Gernebern s’est écrié : « Hérésie ! »

Ros eut le temps d’ajouter : « que faites-vous des trop âgés pour accepter de nouveaux parents ? »

Niall a ordonné : « Gardes, saisissez-vous de ces traitres impies ! »

S’ensuivit une échauffourée au cours de laquelle périrent cinq gardes et trois des affidés de Ros.

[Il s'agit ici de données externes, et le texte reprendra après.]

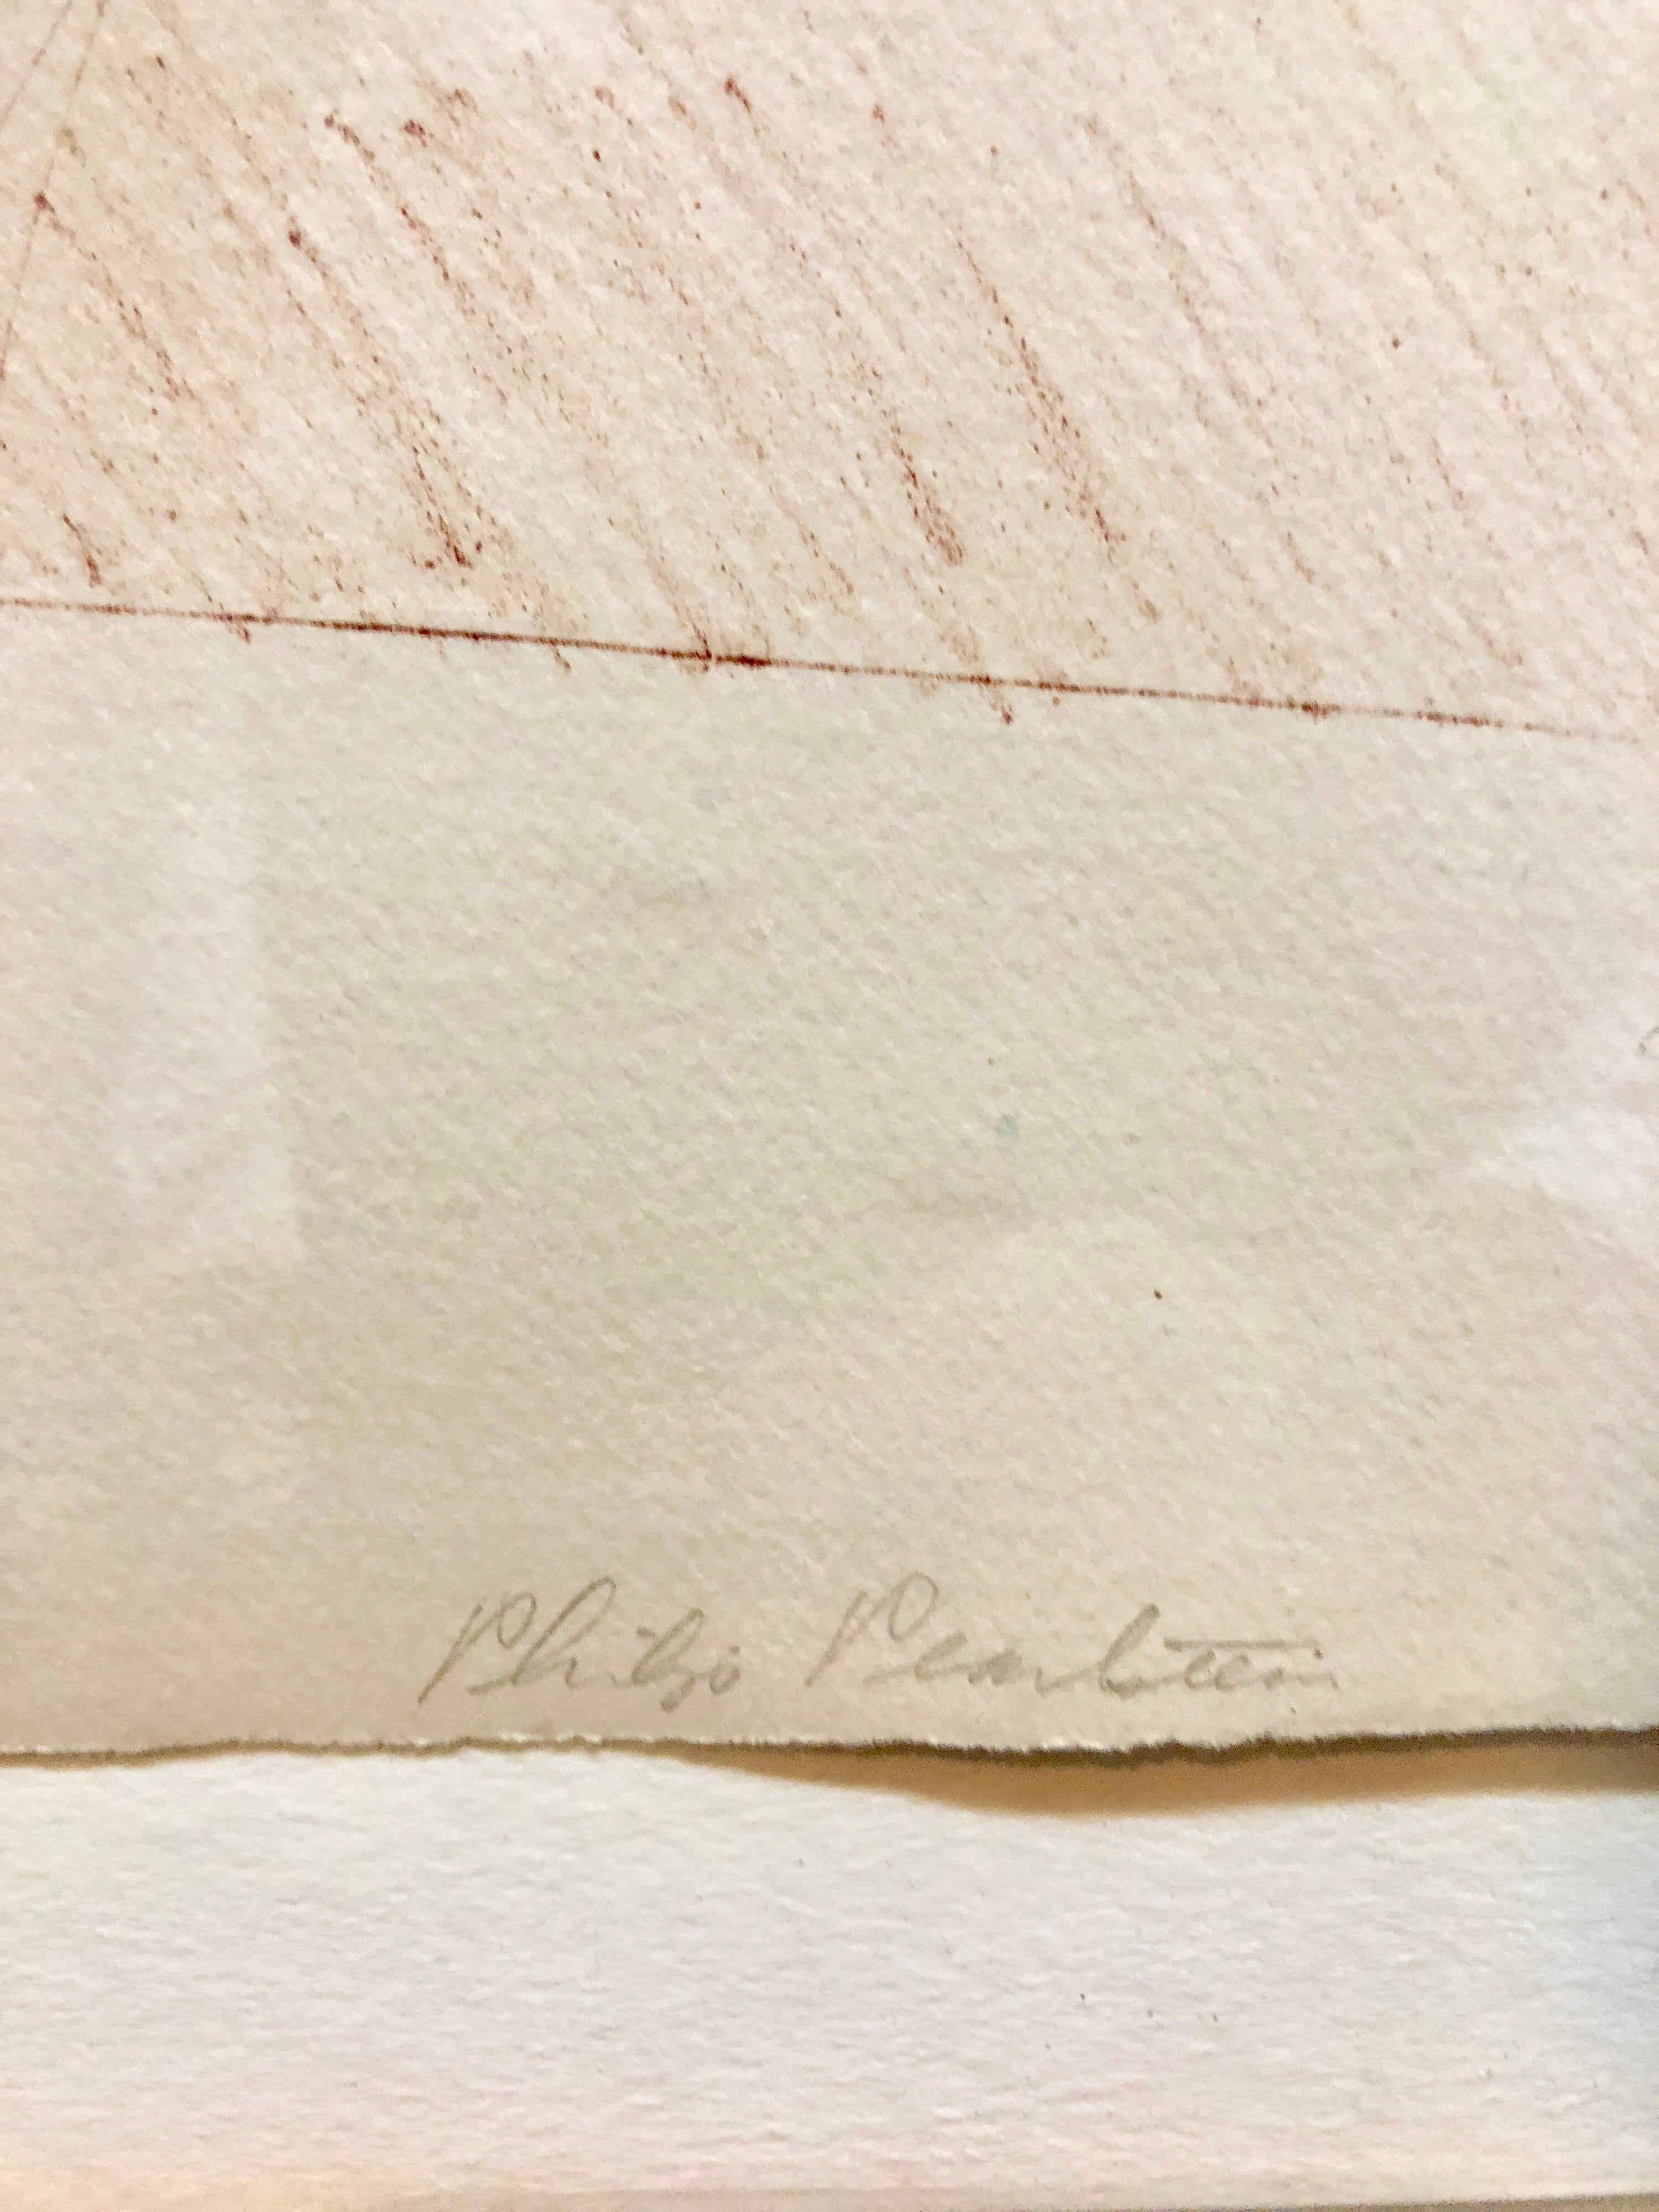 Fille en robe de ballerine, C.C. 1970
Lithographie en couleur imprimée sur papier vélin, signée au crayon et numérotée 22/75, avec le cachet de l'éditeur, Landfall Press, Chicago (ils ont publié une liste éclectique de nombreux artistes importants

Le soir même, alors que mes geôlières s’étaient retirées, je m’installais auprès de la fenêtre quand j’entendis une clef tourner dans une serrure et le pêne claquer, puis la séquence sonore se répéta une seconde et une troisième fois. La porte s’ouvrit, le despote pénétra dans la pièce, avança vers moi, empoigna mes cheveux, me jeta à plat ventre sur le lit. Tenant toujours ma chevelure d’une main, de l’autre, il retroussa ma chemise de nuit, écarta ses culottes et m’empala sauvagement. Il me déchira les entrailles, je crus que j’allais mourir, mais cet espoir fut déçu. Après son acte contre nature, il me laissa pantelante et en sang. En partant, il me lança : « Tu as le cul plus étroit que celui de ton frère. Finalement, tu me seras utile, femelle ! »

J’ai dû m’évanouir, car au matin, ce sont ses sbiresses qui m’ont éveillée. Hypocritement, elles m’étourdirent de stupidités sur la perte de ma virginité, la vaillance de mon futur époux, sa compréhensible impatience. M’assurant que je n’avais pas à m’inquiéter qu’elles trouveraient du sang pour les draps de ma nuit de noces, comme si elles ne voyaient pas d’où j’avais saigné.

Pendant qu’elles débitaient leurs inepties, j’ai tenté de rédiger une lettre, mais je n’en ai pas eu la force.

Je n’en peux plus de relater toutes ces horreurs. Je continuerai plus tard.

Je sais, cela paraît stupide d’imaginer que j’entretiens une correspondance avec toi, alors qu’il n’en est rien.

Mais installée auprès de la fenêtre, je serre ta briolette dans la paume de ma main, mon regard se porte sur toi, mon bel astre nocturne, et je me prends à rêver que tu perçois ce que je me figure t’écrire.

Je t’aime ♥

¤¤¤

Notes :
1) Céimeanna an thiar ➢ marches occidentales – Gaélique irlandais.

2) þæt gebærdstán gehealdendgeorn ➢ le contre continent – Vieil anglais.